Fig-1:matplotlib.pyplot and matplotlib inline

matplotlib.pyplot is collection of command style functions that make matplotlib work like Matlab.

In the Fig-1 as shown, import matplotlib and rename as plt in order to use it easily rather than writing matplotlib.pyplot everywhere we use it. matplotlib is a package and pyplot can be thought of as a module in it.

In brief packages are a way of constructing python module namespace’s by using “dotted module names”. Modules refer to a file containing python statements and definitions. We can import all the functions and definitions present in them. A file containing python code, for example: pyplot.py is called a module and its module name is “pyplot”.

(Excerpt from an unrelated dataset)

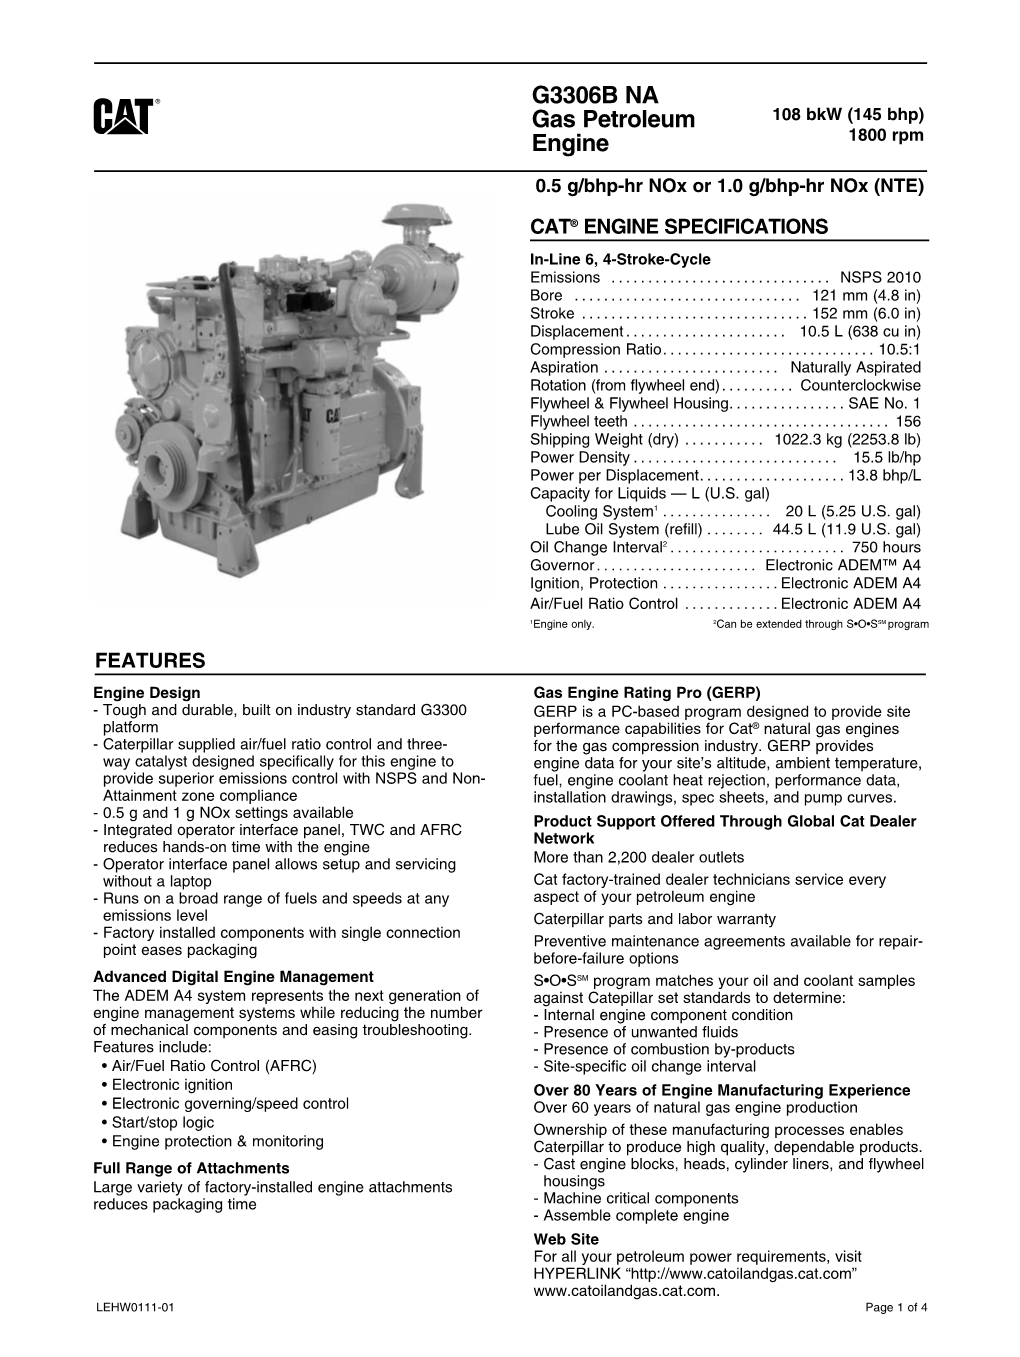 G3306B NA GAS PETROLEUM ENGINE 108 Bkw (145 Bhp)

pyplot is matplotlib’s plotting framework, each pyplot function makes some changes to figure. It helps in creating a figure, creates a plotting area in the figure, plots some lines in plotting area and decorates the plot with labels and many more.

%matplotlib inline, is used to generate plots within jupyter notebook without explicitly calling plt.show() function. It can be used only within jupyter or jupyter-lab notebook. If you are using spyder or any IDE, then plt.show() should be invoked to display plots.

matplotlib plots

There are two ways of creating matplotlib plots

(i) functional method — we directly use functions with help of pyplot (plt)

(ii) object-oriented method — we create object for each matplotlib figure and use object to modify figure or to create subplot. This is recommended method to use.

Dataframe (which will be used throughout this blog)

Fig-2:creating a dummy dataframe

In Fig-2: We are creating a dummy dataframe, which will be used throughout this blog. I haven’t used any in-built dataframe because it is difficult to find linear relationship in publicly available datasets. Initially it is better to have linear relationship in the data in order to understand the concept easily.


Creating plots

Fig-3:using plot function (which takes two arguments x and y)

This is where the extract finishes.